### [Aim of the exercise]
Would you transcribe the listing that follows, character for character, and omit its images?

### [Data excerpt]
===============
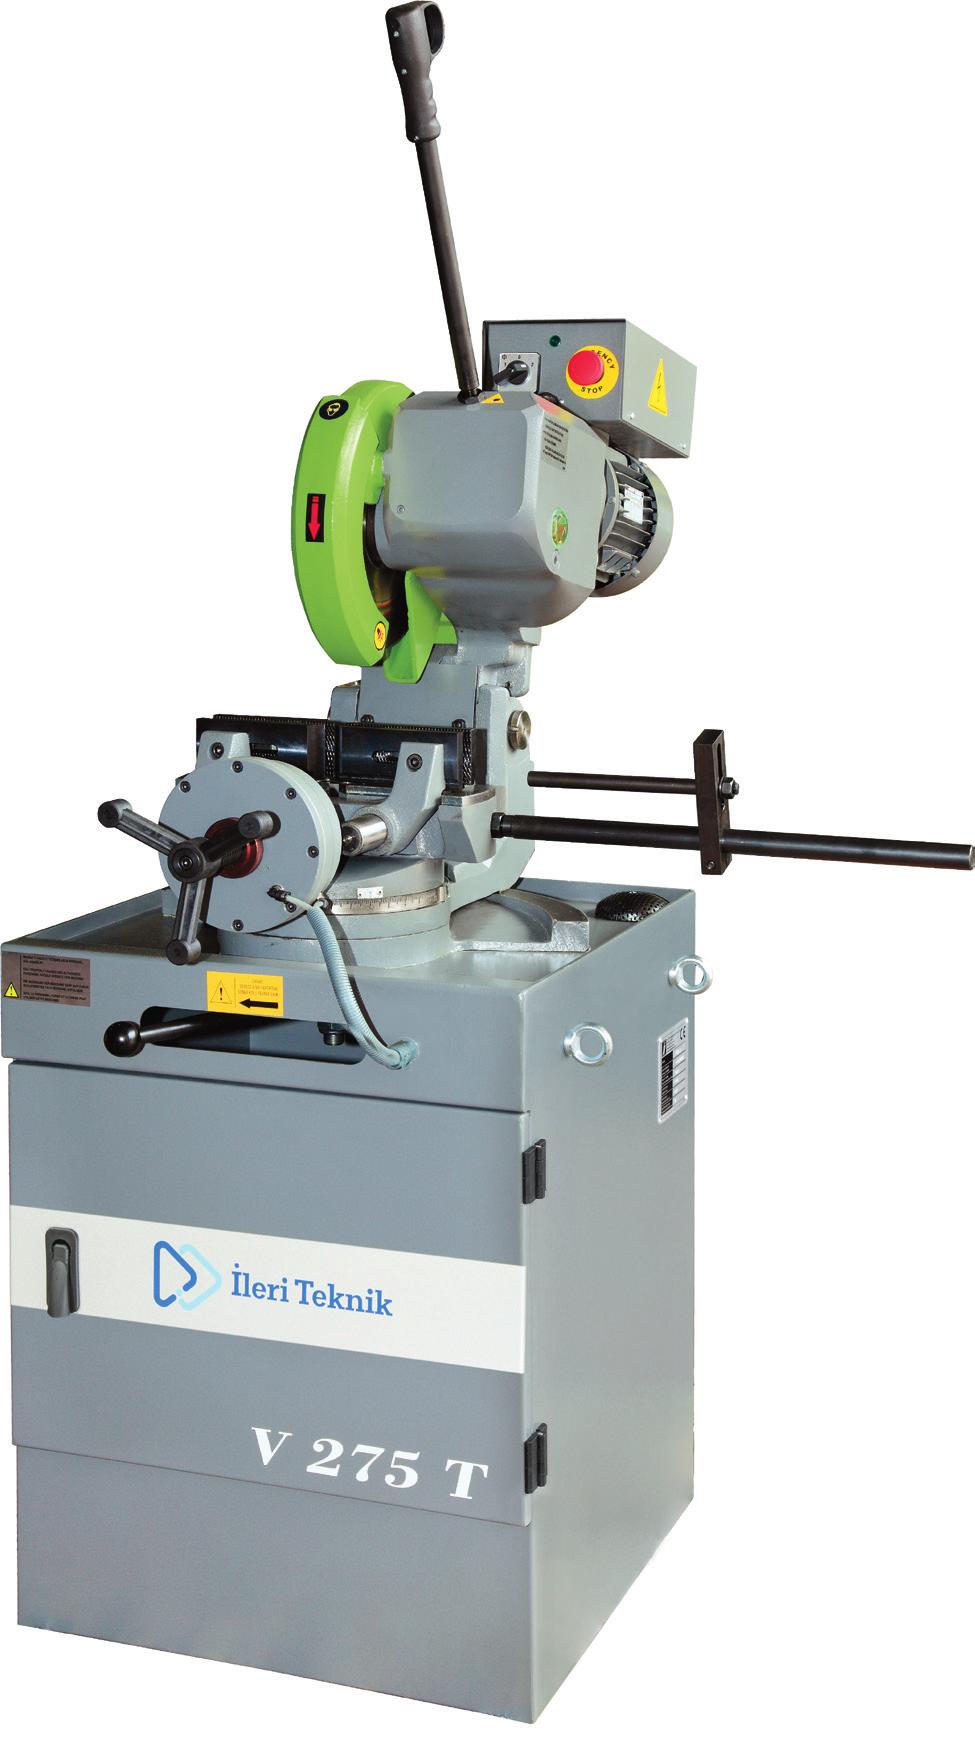 V T operated by a hand Airoperated clamp for material vise Large base for ultrastability.
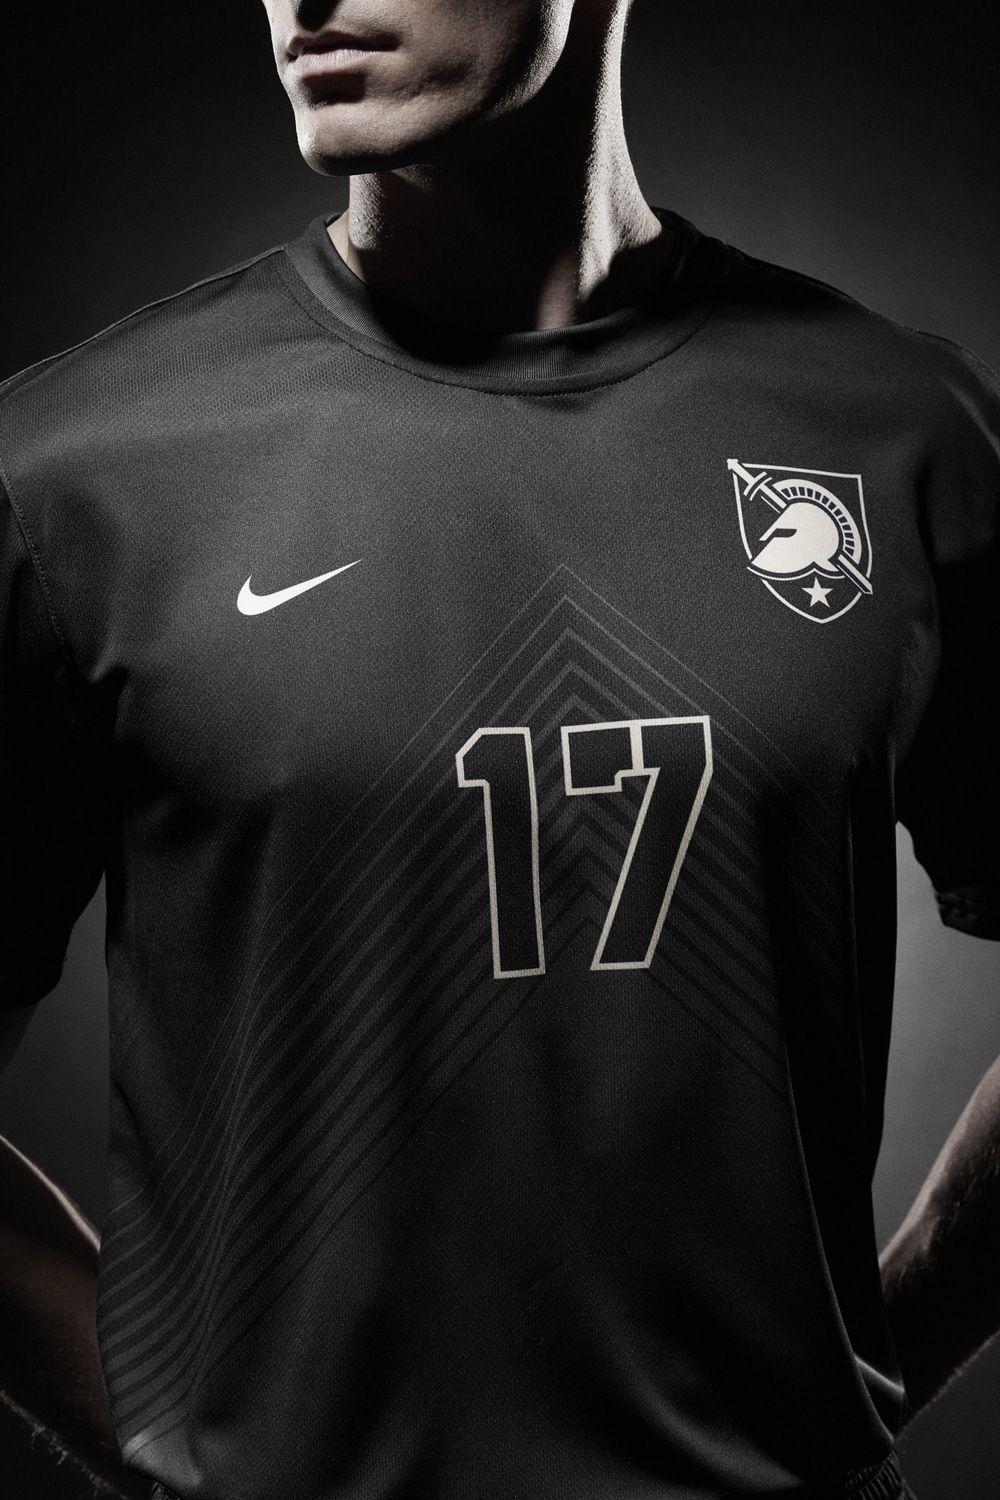 Nike Army Logo - New Logo and Uniforms for Army West Point Athletics by Nike ...
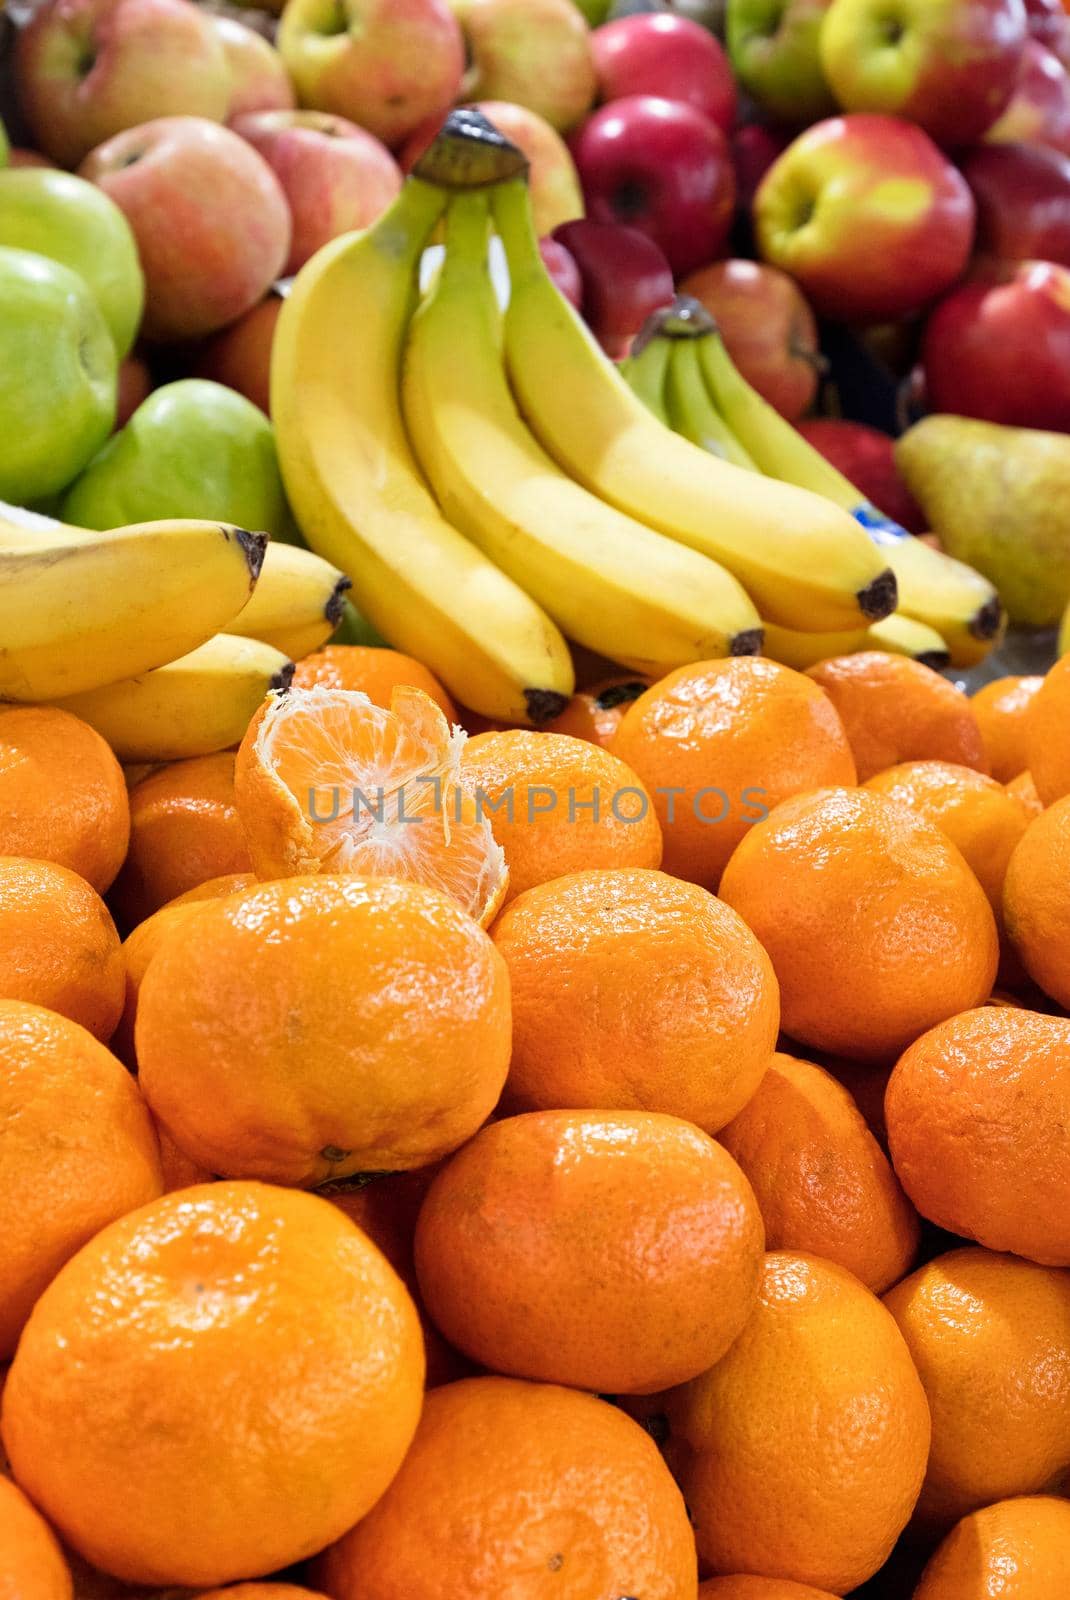 Ripe orange tangerines, bananas and apples lie on the market counter for sale. by Sergii
===============
### [Task output]
 V T operated by a hand Airoperated clamp for material vise Large base for ultrastability.
 Nike Army Logo - New Logo and Uniforms for Army West Point Athletics by Nike ...
 Ripe orange tangerines, bananas and apples lie on the market counter for sale. by Sergii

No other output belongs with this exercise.